In a lifetime of things that never were, and will never be, we have the moments that are.

And it is there that I want to live. In the mundane. In the infinitely infinitesimal. In the seeming insignificance of every precious moment of the day, basking in the permanence of love.

The higher I get, the more I find myself there. And while pot isn’t a prerequisite to reach this plane, it helps.

There was a time when I felt differently.

“We can’t do this forever,” I would say in the early years of our relationship, emerging from a cloud of bong smoke with hazy ideals of what the future would hold.

We’d go through a stoner phase, I assumed, and eventually transition to alcohol as our sole vice. “Like normals,” I’d joke.

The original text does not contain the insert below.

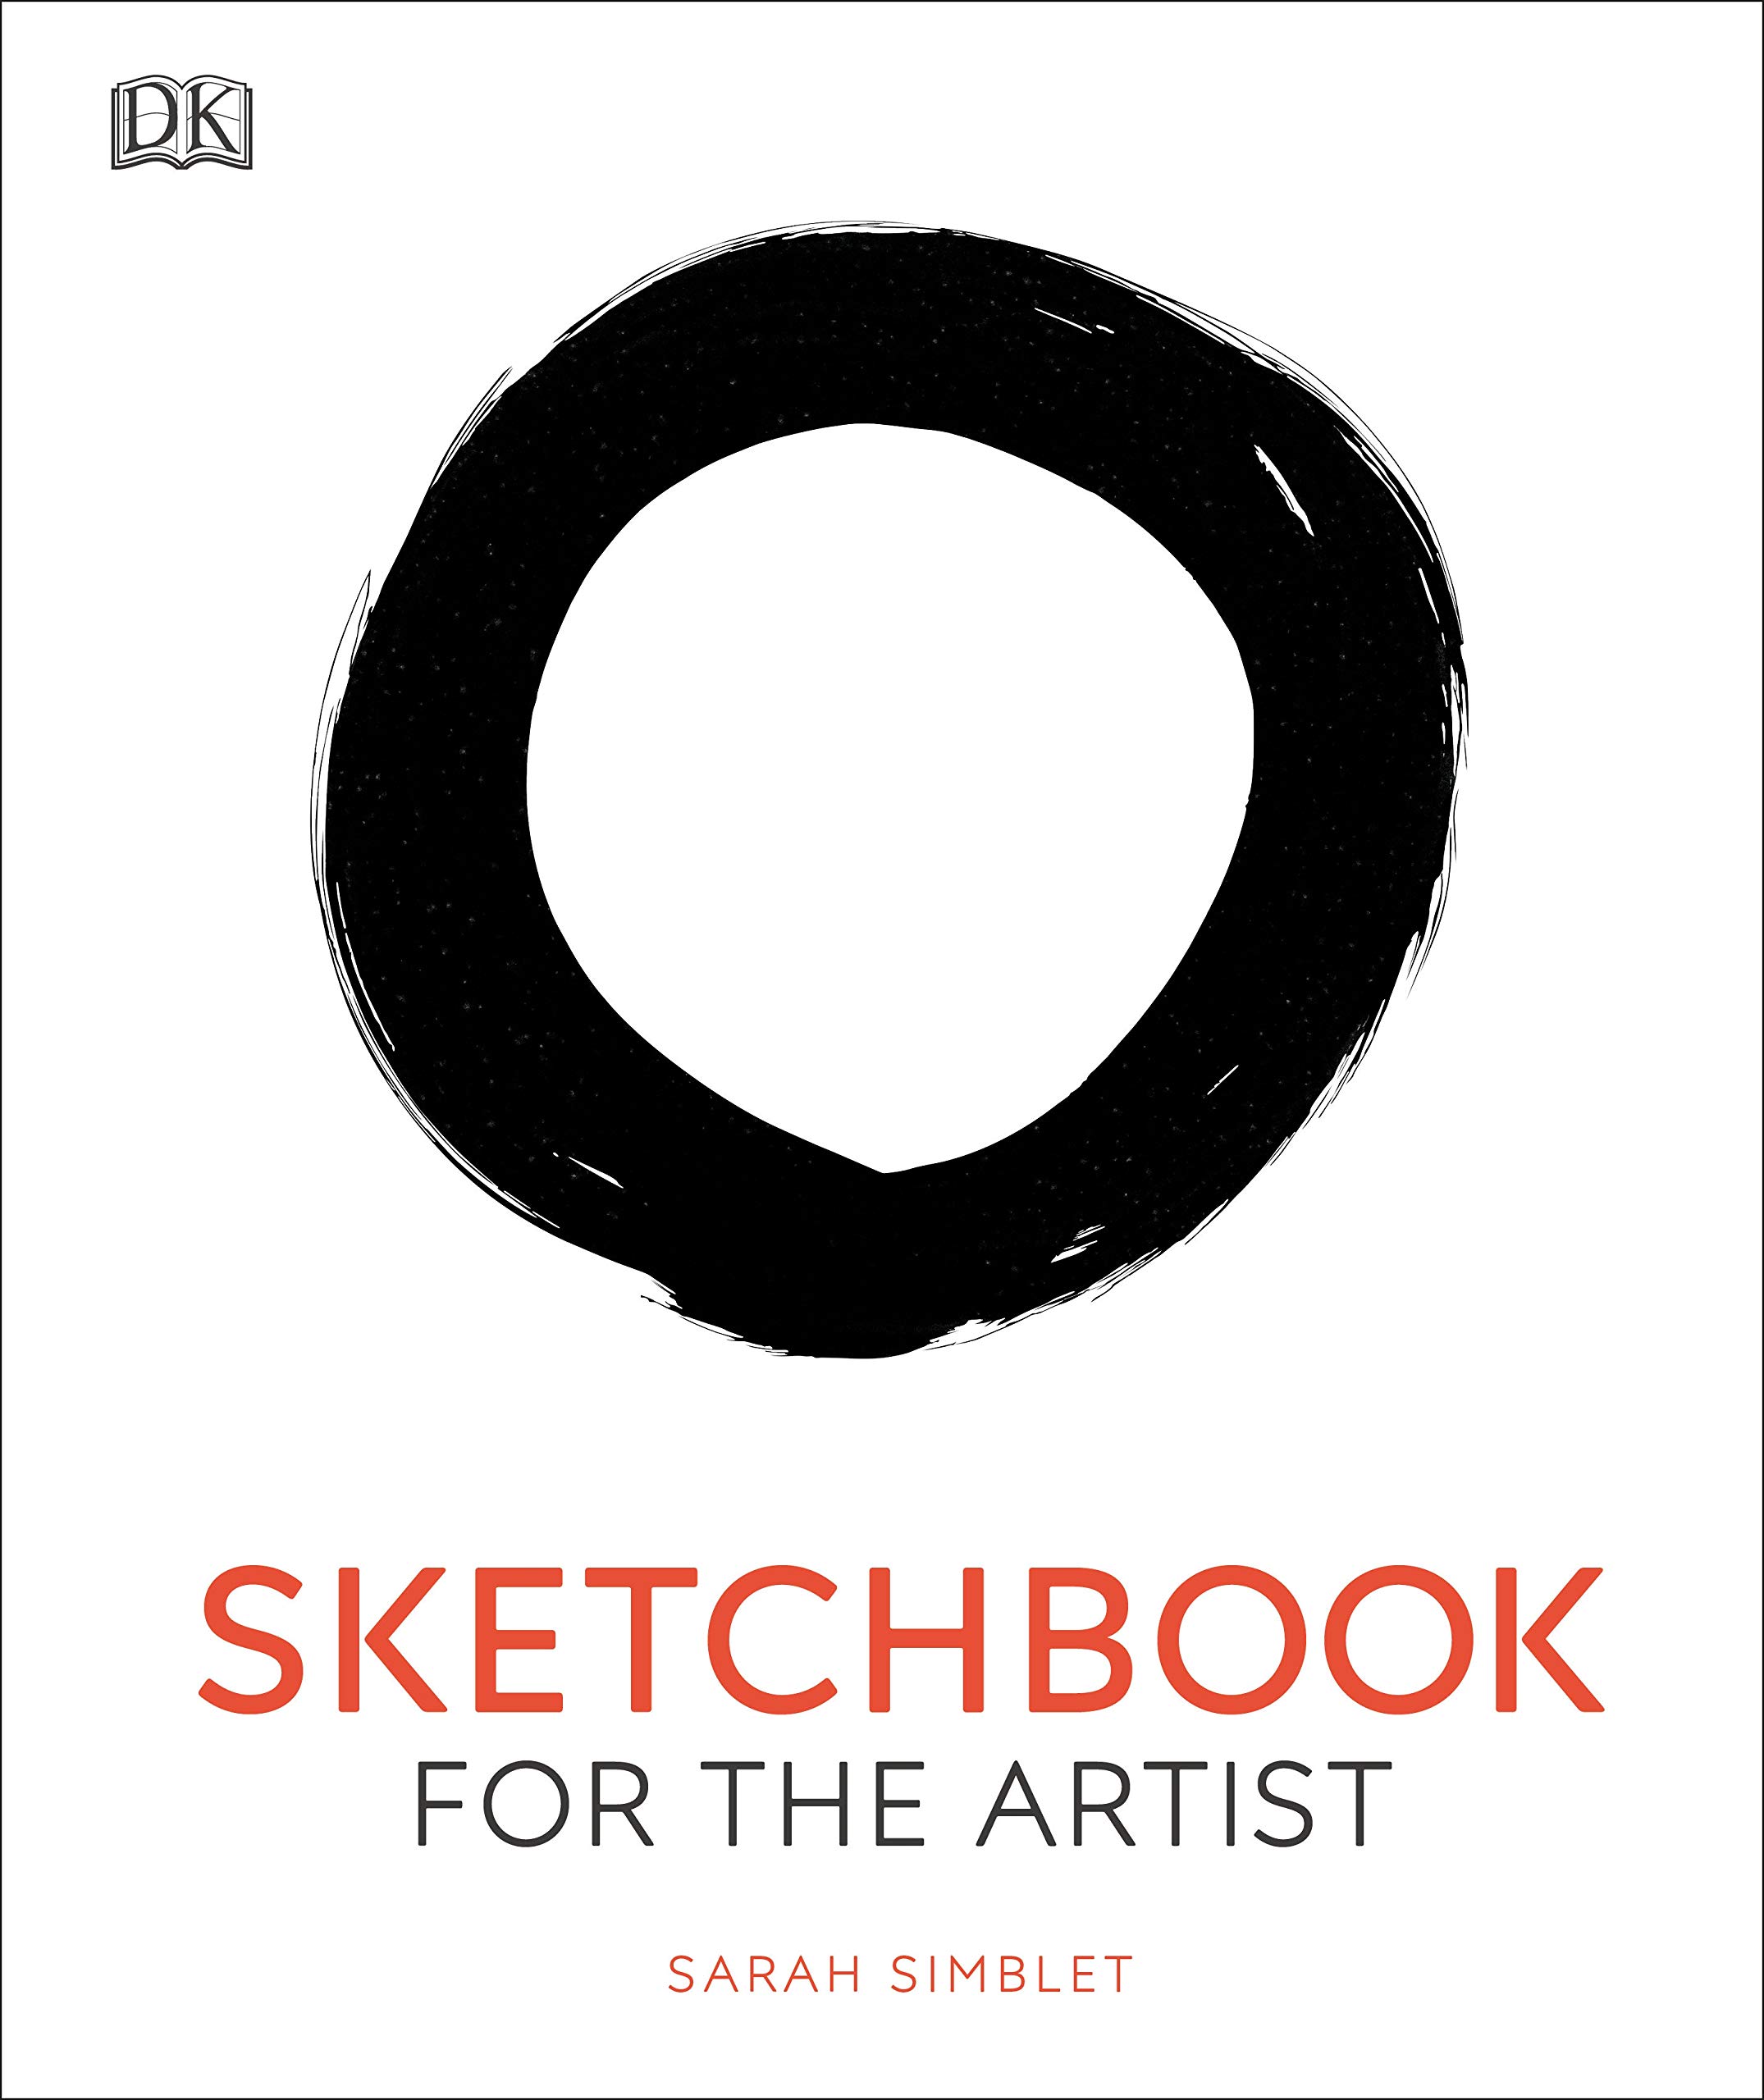 Image for "Sketchbook for the Artist"

But life, with all of its messes and irritations and banalities, kept getting in the way.

Where that extra glass of wine amplified my aggravation at another hellish bedtime routine, a puff from the banana made me want the evening to last forever.

I had no better place to be than snugggled in a Dora the Explorer bed, illuminated by the soft, pink flower light, singing “Hey Jude” to my bad sleeper, until her leg, always pretzeled across my body, twitched with the first stages of sleep.

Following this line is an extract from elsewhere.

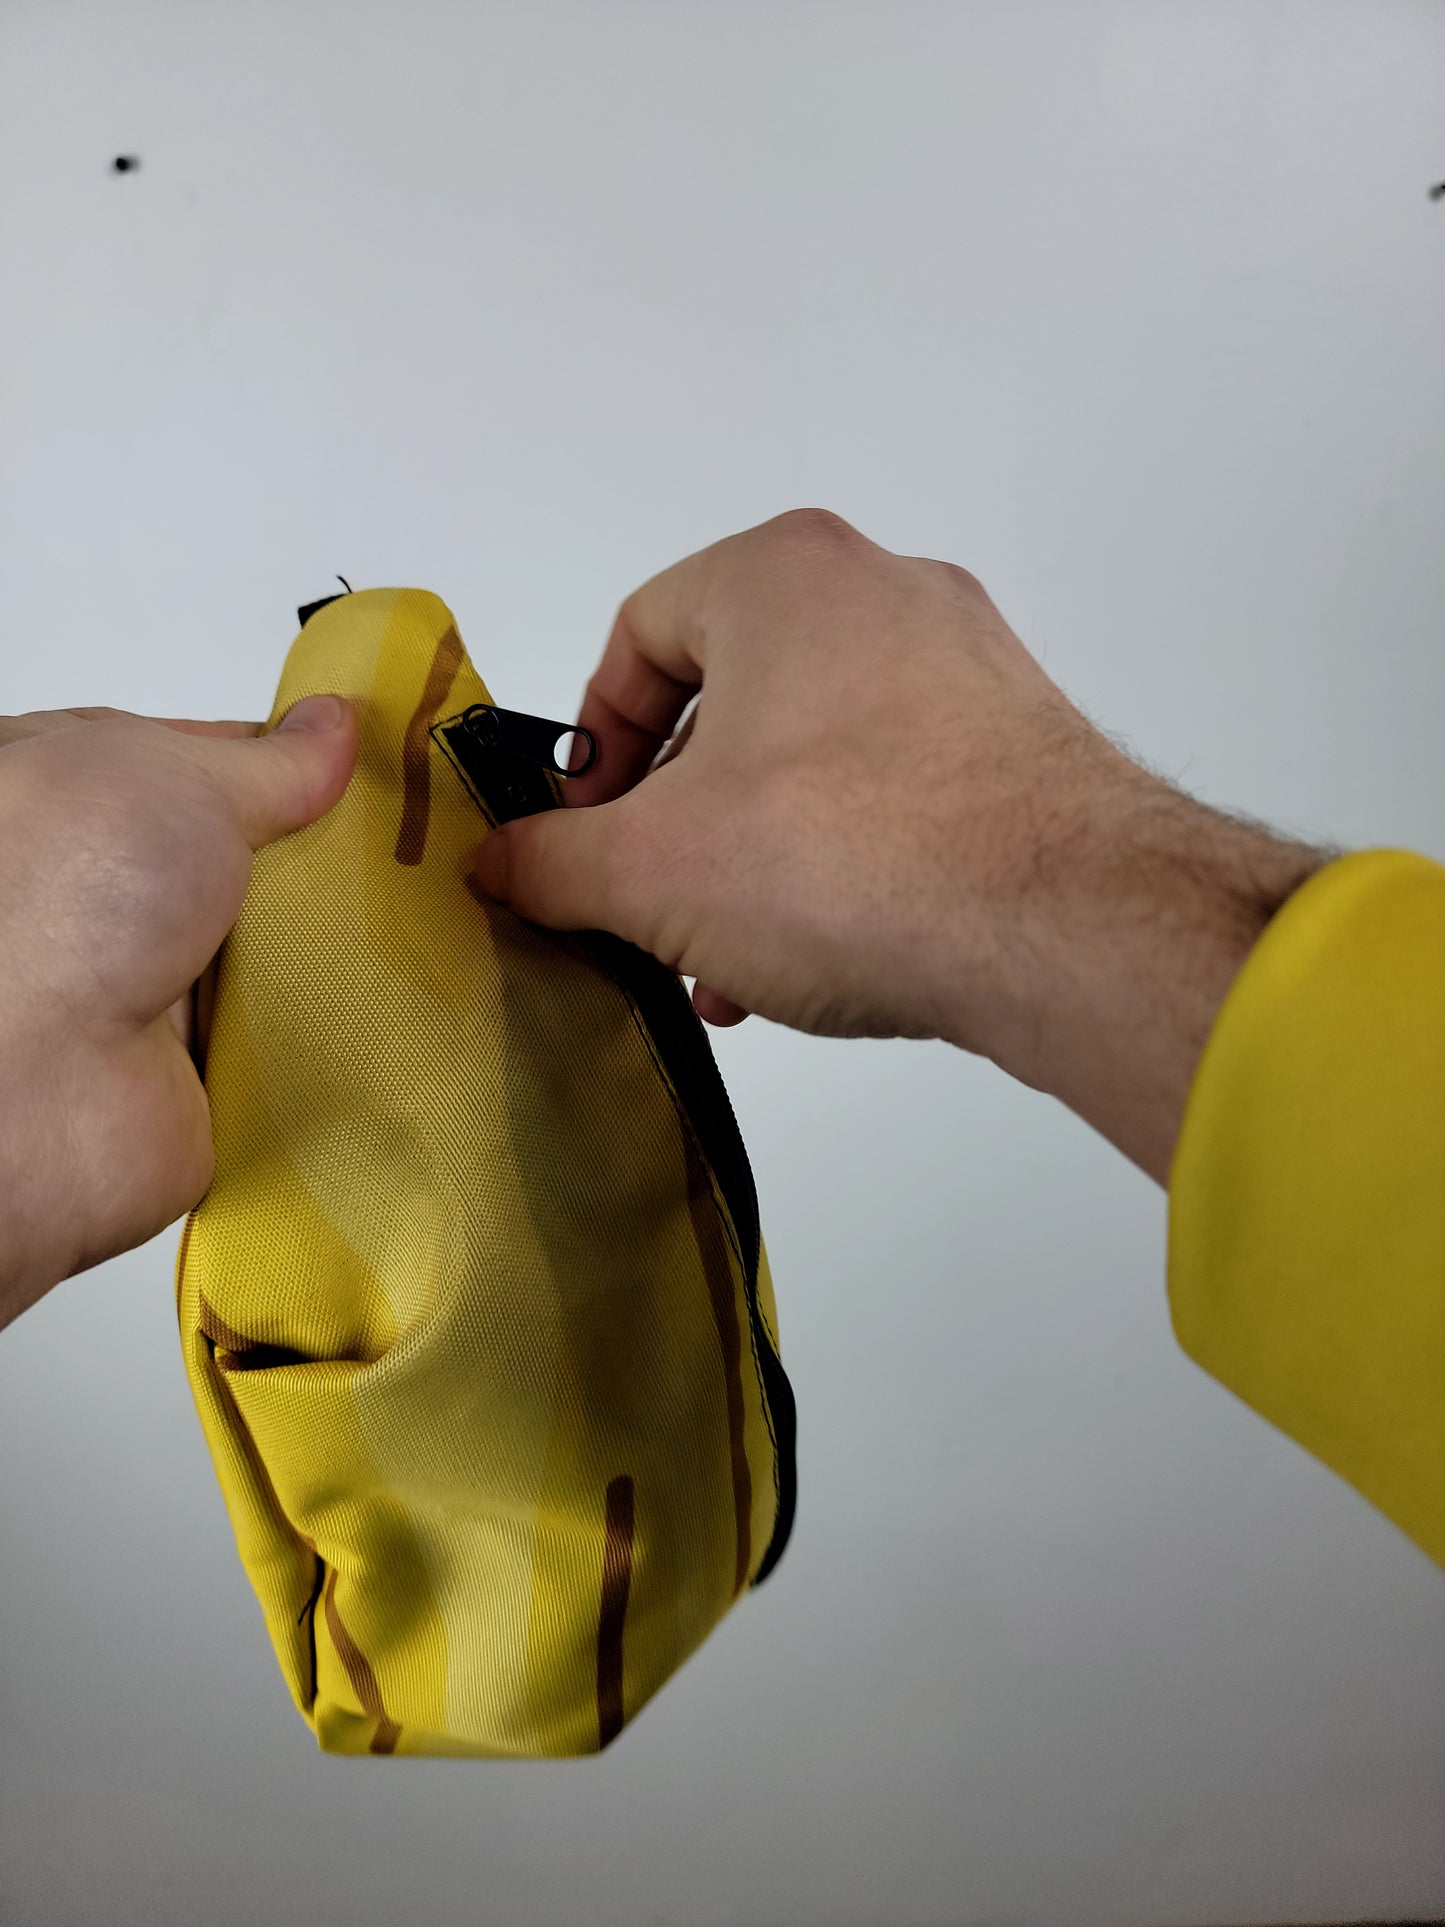 Banana Fanny Pack

Weeknight dinners didn’t feel like chores when I had my husband’s company in the kitchen, serenading me with Lil Wayne and making the accompanying gravy for Thai chicken cucumber boats.

And I saw my life, bogged down with all of its routines and monotonies, in full splendor.

Shortly after my first was born, I asked a family friend, whose own girls were long past the ages of diapers and bottles and onesies, if the days would always feel so long, if the monotony would ever end.

“The days go slow,” she agreed. “But the years go fast.”

I felt the weight of this wisdom this fall, standing at the bus stop, waving goodbye to my new kindergartner as the tears streamed down my face.

How did we get here, already, I wondered, and how fast will the journey be?

Brushing the curls off her face that night, deep in my stoner reveries, the soft weight of her leg draped over my own, it didn’t matter. In the bed beside her were my two other loves, the little one fast asleep, her small arms entwined with her father’s.

The meaning of life was before me, as it always is. In the mundane. In the infinitely infinitesimal. In the permanence of love.